I got here at 10. I’ve been waiting in line at the front desk. Happy to keep waiting if that’s the protocol but wanted you to know I’m here.



Nothing popped up on his side—no ellipses bubbles, no message. She waited two minutes, then checked her phone again. Still, nothing. She looked down at her cowboy boots and felt a self-conscious flush come over her cheeks.

“Ah-know,” came a muffled voice over the intercom. “Ah-know to the window.”

Cat looked up and made eye contact with the officer monitoring the line.

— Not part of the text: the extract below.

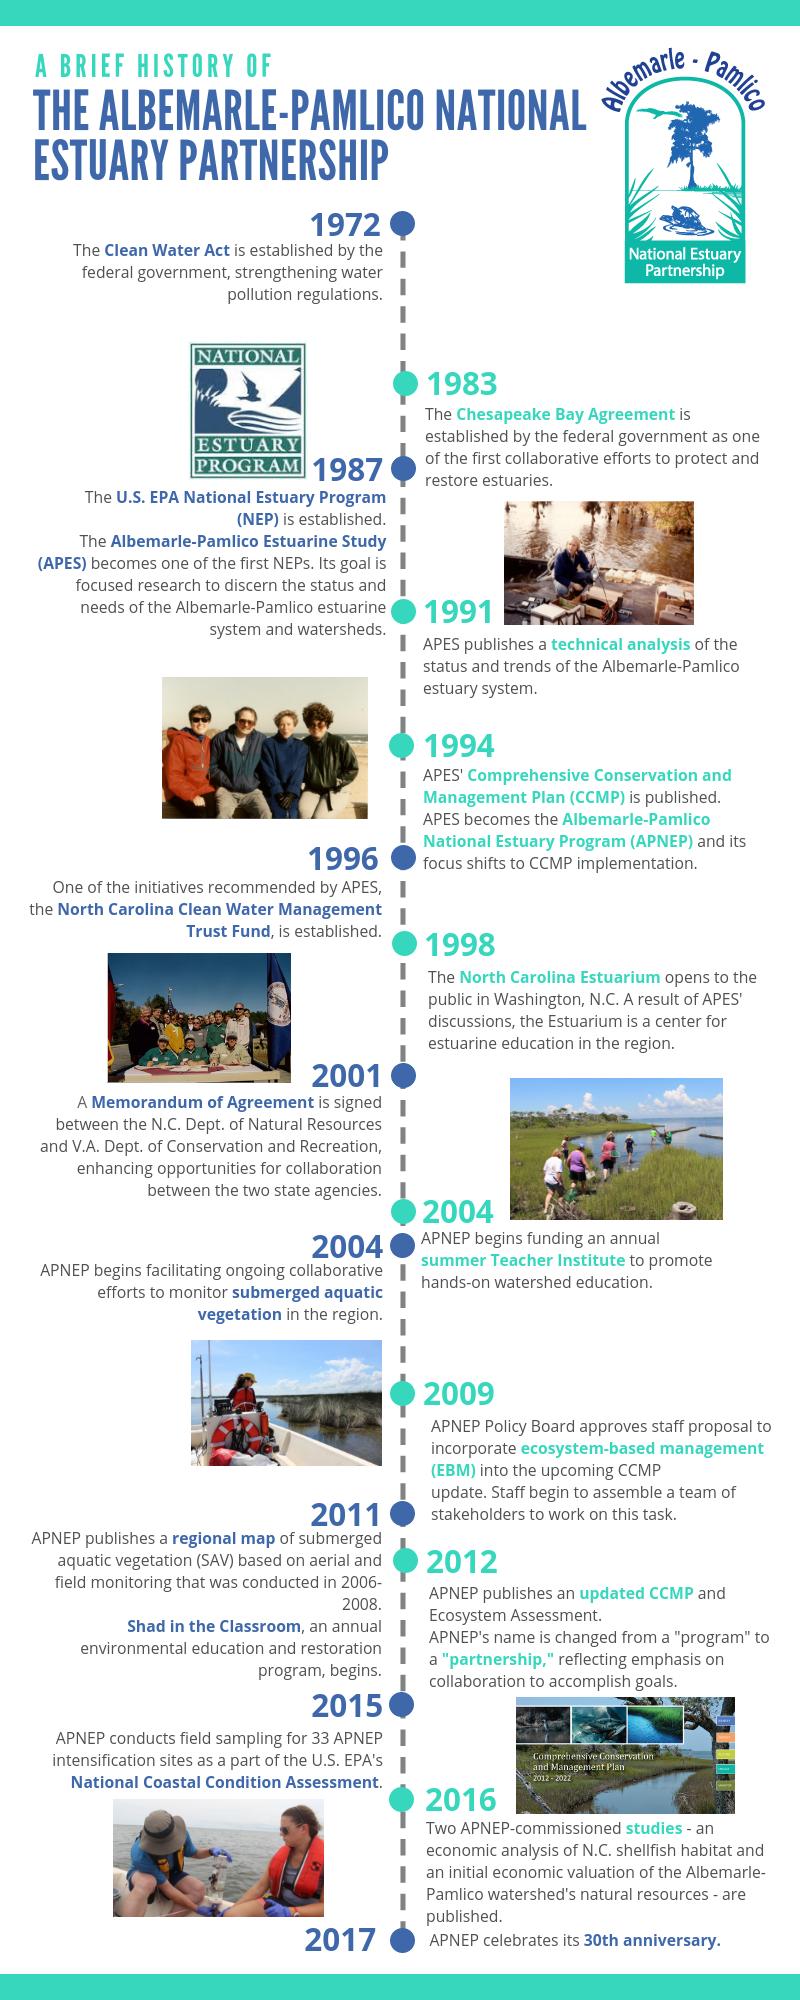 APNEP Timeline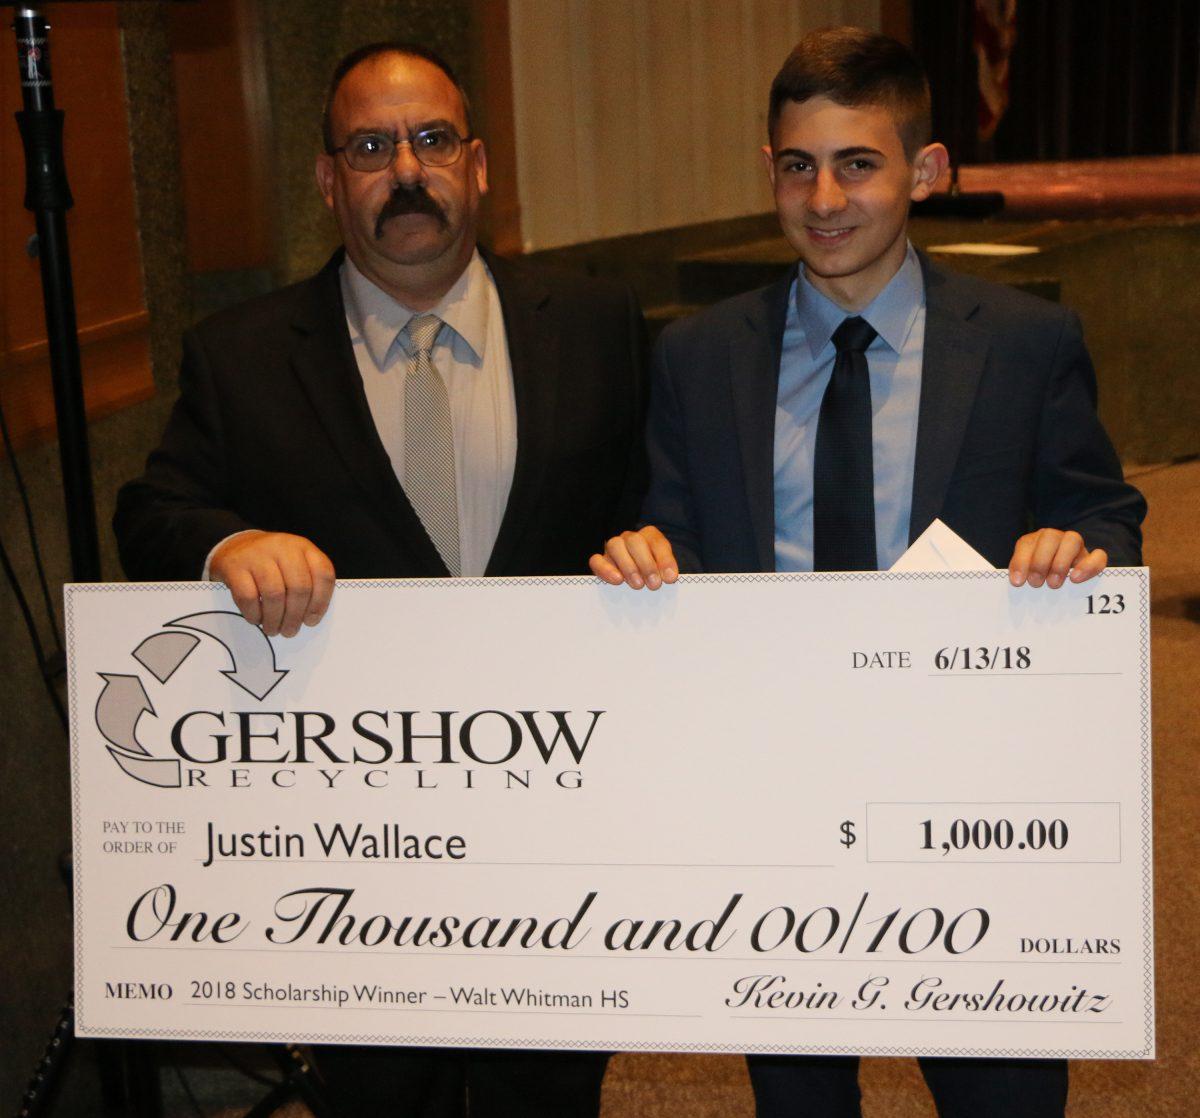 Gershow Recycling Grants Environmental Conservation Scholarship to Walt Whitman High School Graduating Senior Justin Wallace

She raised her hand meekly; he pointed to a bulletproof window on the side, where another officer leaned over and hit a buzzer. “Go through the door to my left and then stop.”

She obeyed. He met her on the other side and gave her handbag a cursory glance before waving her through another set of doors. “Sit on that bench. Someone will be with you in a moment.”

She nodded and sat, gathering her dress around her. Emboldened this morning by adrenaline and endorphins, she’d decided on an eggplant-toned silk and linen dress from last season’s Phoebe collection that evoked Xena, Warrior Princess. The halter neckline dipped in an exaggerated curve, displaying a keyhole of flesh around her left rib, where she’d pasted a small strip of gold leaf; the open back was broken up by heavy silk tassels hanging from the strap around her neck. A rose-gold men’s watch was her only jewelry. Her hair, brushed straight, hung in a black curtain across her pale shoulders, and her repainted nails—still filed into points—matched her matte tangerine lipstick.

She sure didn’t feel like Xena now. When Hutton opened the door and stared at her dispassionately, motioning for her to stand up and follow him without so much as a hello, she wished she’d worn a burka.